2.日本ではロービジョンケアが盛んになってきているというけれど・・・
 全世界のロービジョンケア現状が昨年行われた国際ロービジョン学会で発発されていた(Chiang PP, et al.Ophthalmic Epidemiol,2011)が、日本はロービジョンケアのデータがとられていない空白地帯とされており、データがないのは195か国中17か国(9%)のみの中に入っていた。

 考えられる理由としてロービジョンの定義がWHOでは矯正視力が0.05以上、0.3未満となっており、日本での視覚障害による身体障害者基準のデータが生かせていないことが考えられる。今後、この種類のデータを作るのは医療側からなのか、福祉側からなのかを定めるる必要があると考えられた。 

3.視覚障害者は患者さん??
 医療側は当然「視覚障害者は患者さん」と考えている。すなわち何か病気があって視覚障害になっているのだからと考える。そのため、英語の論文の対象の項では、‘patients with low vision’と記載されていることが多い。

 その一方、福祉・教育側の方の考え方は、「世の中生まれながら、背の高い人がいるし低い人もいる、足の速い人がいるし遅い人もいる、視力の良い人もいるし悪い人もいる」という考え方に沿って、英語の論文の対象の項では、  ‘people with low vision’または‘children with low vision’と記載されている。

 このように同じ視覚障害者に対しても、医療側と教育・福祉側とではとらえ方が違うことを理解したうえで、お互いの考え方を尊重し、かつ自分の立場で接することが視覚障害者の幸福に繋がると考えている。 

4.視覚障害に対する研究は誰がする??
 私は平成28年にAMED(日本医療研究開発機構)の役員に就任し、国からの研究費の配分を決める役割を行っている。その中で、障害者対策総合研究事業というものがあるが、役員になった当初は視覚障害は全障害関係53課題中2題のみでほとんどが整形のリハと精神障害が占めていた。視覚障害の研究を行うべきものなのに多くは難病の研究(視覚障害にならないようにする研究)であった。また、課題設定にそもそも眼科医が携わっていなかったのも現状である。そこで、まず初めに手掛けたことは、視覚障害に関する研究課題の公募に変更した。例えば、「多職種協働による在宅ロービジョンケアに関する研究」「視覚障害者の就労実態を反映した支援マニュアルの開発」「災害時における視覚障害者対応システムの開発」などである。ところが 圧倒的に応募者が少ないという問題にすぐに直面してしまった。 

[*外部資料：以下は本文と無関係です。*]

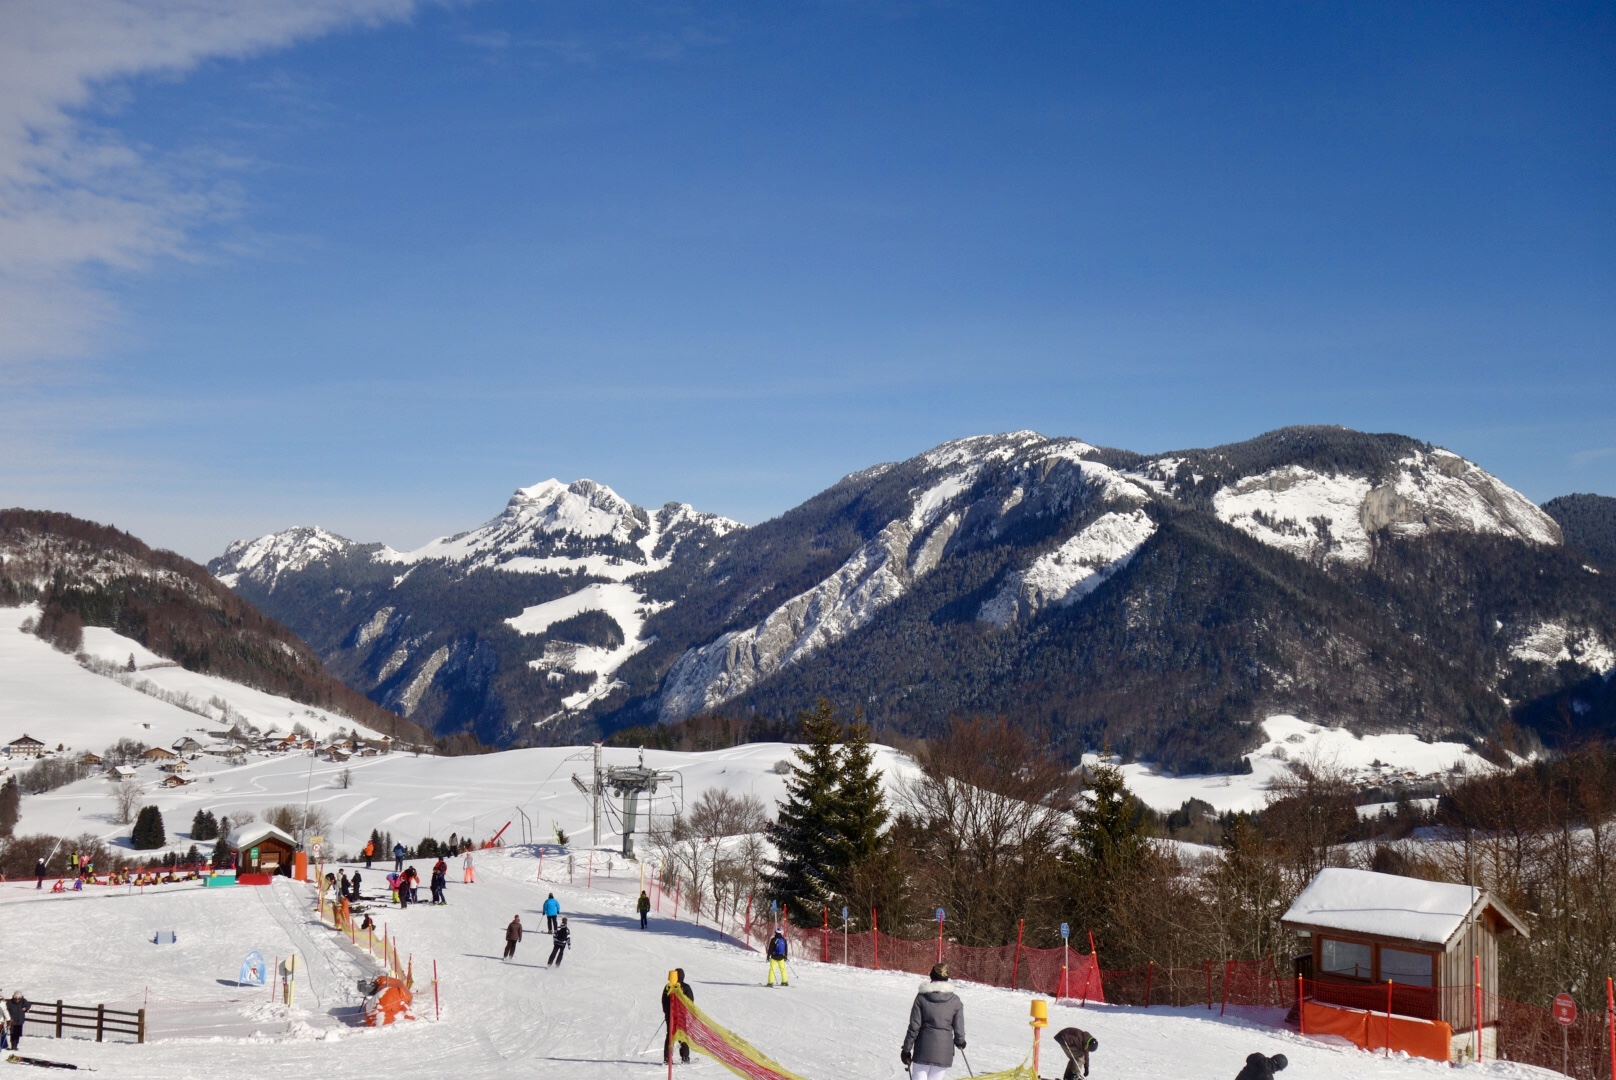 Station de ski d'Hirment

 現実は国は視覚障害に関する研究にお金をかけることは厭わないものの、他分野からも視覚障害のエビデンスのある研究が少ないと指摘されてしまう始末であった。そのようなことから、視覚障害に関する研究者不足を痛感している。非常に耳が痛い言葉であるが、「日本ロービジョン学会は何をしている!!!」と言われんばかりである。日本ロービジョン学会は今までにロービジョンケアの普及に努める活動は熱心であったが、学術活動の低迷しているように感じられる。そもそも視覚障害に関する研究者が不足しており、日本から世界に通じる視覚障害に関する研究が極めて少ないのが現状である。他人のことは言えず、自分自身の反省として今まで眼科関連の英語論文を約100本書いてきたが、そのうち、ロービジョンケアに関するものは僅かに4本しかなく、まずは自分自身から変えなければいけないと痛感しいている。  

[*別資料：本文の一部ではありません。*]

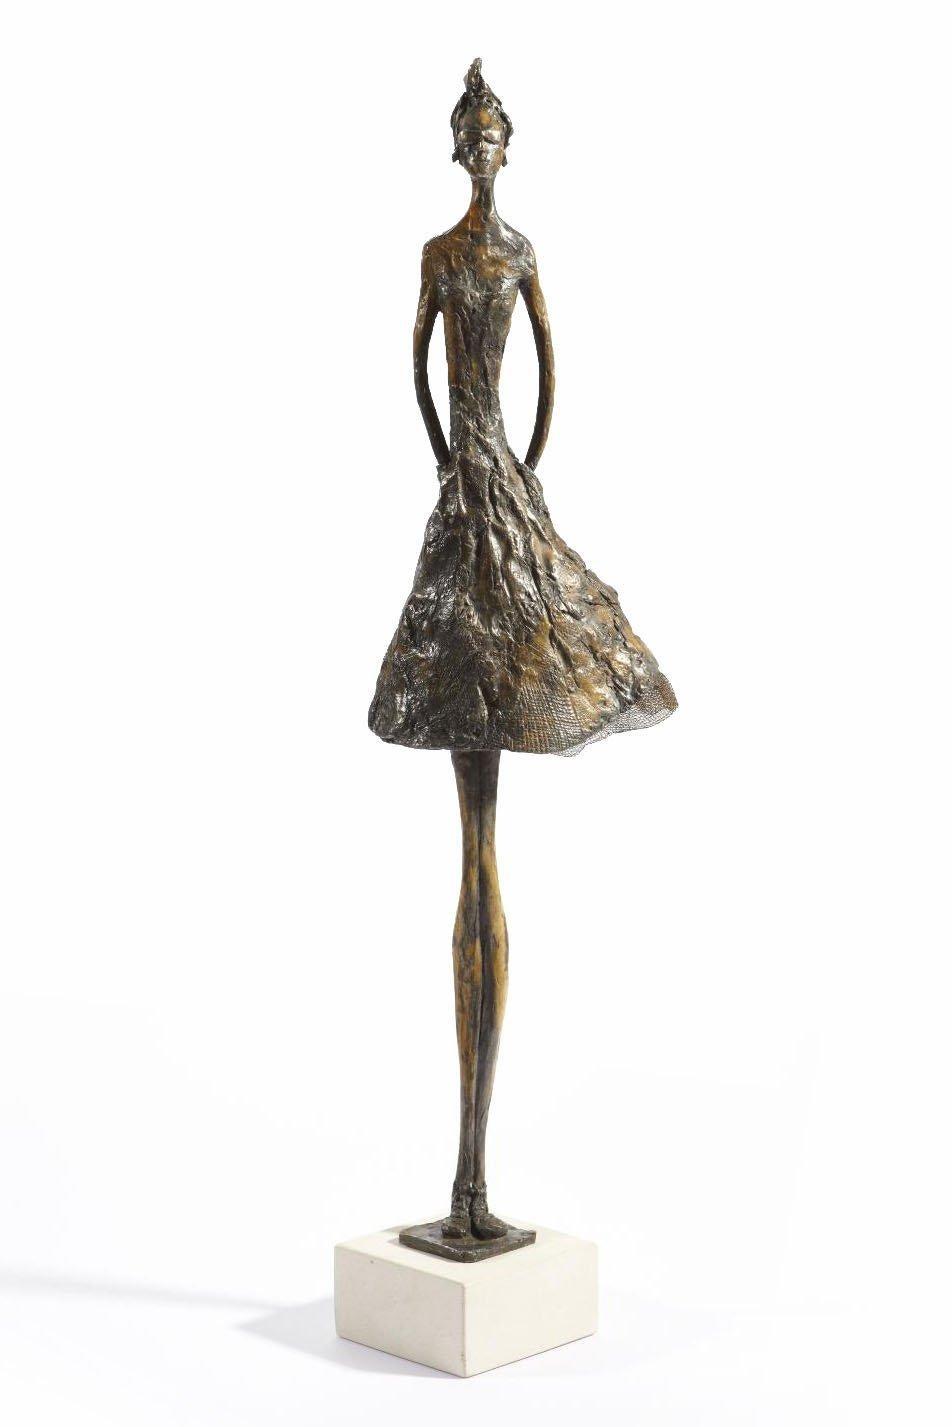 Jersey Lily - slim figurative bronze statue

5.視覚障害による身体障害者手帳基準はどのように決めたらよいか??
 身障者の基準は視力と視野の結果から決定されている。その問題点として、視力の和が示すように学術的にナンセンスの問題がり、また、エビデンスがなく級の線引きがされている。その一方、眼科医にとっては診断書を書くことが簡便なことが重要であり、すぐに学術的に正しくて(FVS)も、煩雑だと意見書を書かなくなってしまう、最終的に視覚障害者の不利益になってしまうことを危惧する。今後の改訂に当たり、改訂したことにより一人たりとも視覚障害者が級が下がったり、該当しなくなったりということはあってはならないことが前提であるが、世間が納得するより程度分類、すなわちエビデンスに基づいた等級分類が必要である。

 現状では視覚障害による身体障害者手帳の基準改定は眼科医ならば、誰もが必要性を感じているが、本当に満足する改訂ができるのか、まだ多くの問題が山積している。 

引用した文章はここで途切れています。